To quote this paper: D. BAUER, “Price fixing and prohibition of online sales: the French competition authority fines companies in the sunglasses and eyewear sector”, Competition Forum – French Insights, 2022, n° 0028, https://competition-forum.com.

On June 24, 2009, the managing director for Competition, Consumer Matters and Fraud Control (DGCCRF) carried out inspections and seizures in various premises of companies operating in the optics and eyewear sector, and filed an investigation report in September 2010. Based on many collected documents and testimonies, two successive claims were filed on February 13, 2015 and March 28, 2019, reproaching these companies with three breaches relating to the implementation of a vertical cartel leading to a restriction of distributors’ pricing freedom which has, among other things, limited the free setting of prices through competition, and two breaches relating to the ban of online retail sales. There were thus five objections notified to 14 companies, which regrouped 29 companies. After referring to the entire file of the investigation thanks to a decision on February 24, 2017, the Competition Authority examined the case at a hearing on 13 January 2021. Before going into further details, it is necessary to offer explanations about the so-called sector in this case. The optics and eyewear sector includes a wide variety of products and many players.
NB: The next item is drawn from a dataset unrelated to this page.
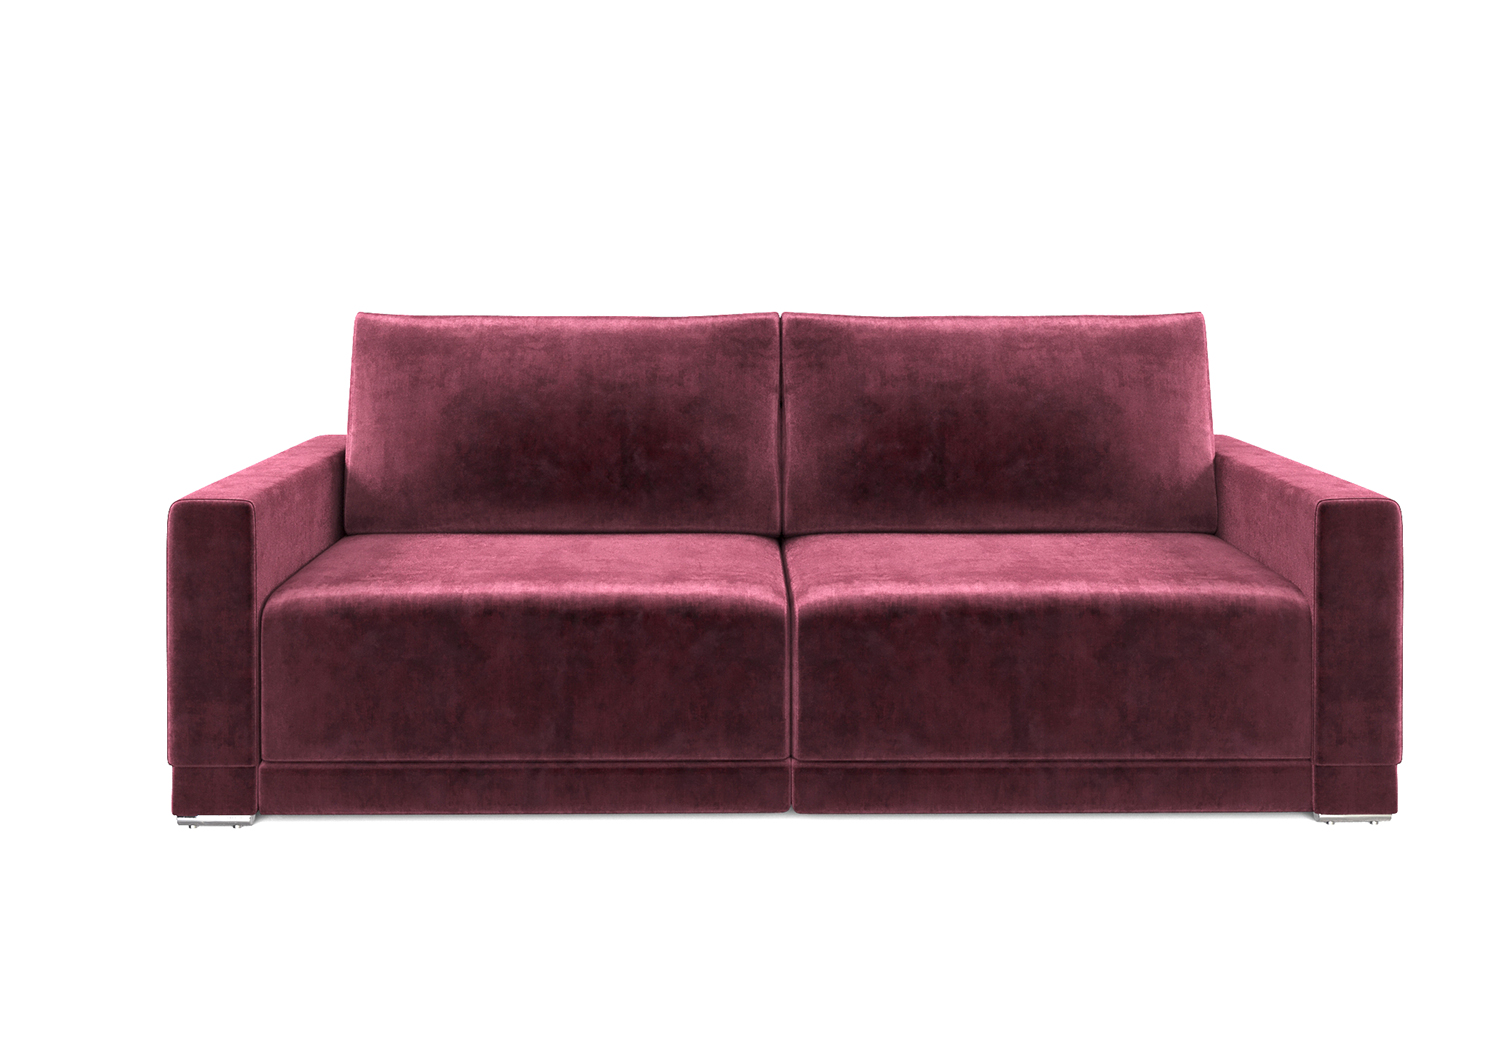 Мартин, прямой диван, Marseille burgundy ткань Шенилл цвет Бордовый механизм трансформации Еврокнижка изображение 4

In terms of products, they include corrective lenses and frames (which are medical devices), but also sunglasses (which are not medical devices).
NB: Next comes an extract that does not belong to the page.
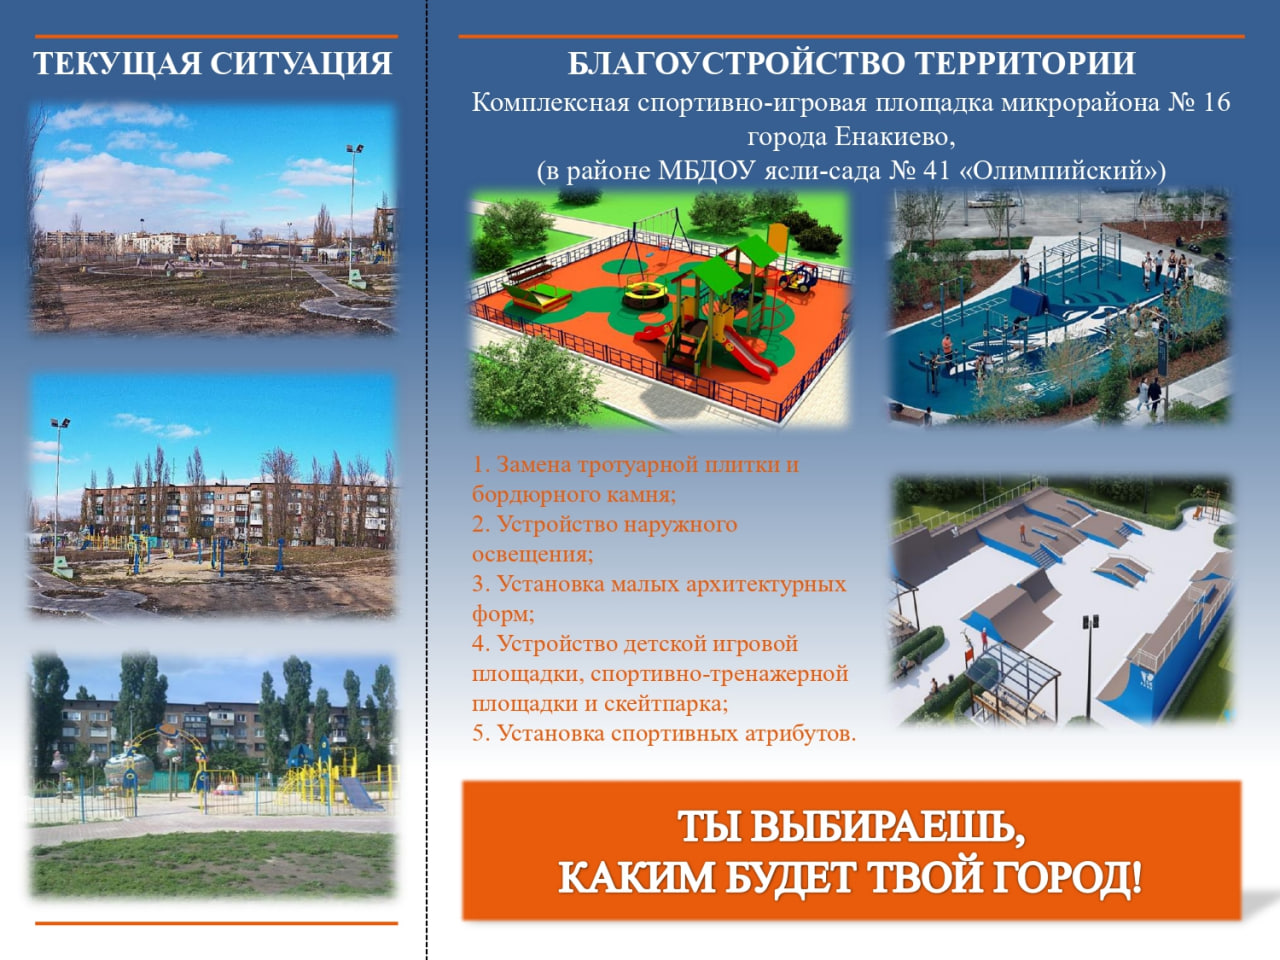 Городской округ Енакиево принимает участие в федеральном проекте «Формирование комфортной городской среды».

Regarding the different players, there are the brand owners, the eyewear manufacturers and the distributors who may also be involved in the manufacture of the products (i.e. companies that either make their own frames with their own brands, such as Luxottica, or those that delegate the manufacture of their products to others, like LVMH and Dior). They may also intervene in the product distribution (either because they have their own boutiques such as Chanel or TAG Heuer, or, for the majority of distributors, by entrusting distribution to licensed manufacturers who then distribute the products through independent distributors). In addition, it should be noted that for luxury products, the most used distribution method by companies is « selective distribution, which has the advantage of entrusting the distribution of products and services “only to distributors selected on the basis of defined criteria” in order to preserve the prestige and reputation of these brands. Finally, this sector may have undergone changes during the ongoing court case: some players may have carried out mergers or acquisitions. For example, in 2018, Essilor merged with Luxottica to create a new entity, EssilorLuxottica, which then merged with Grand Vision, or, with regard to certain online sales sites, Hans Anders, which acquired the Happyview site in 2020.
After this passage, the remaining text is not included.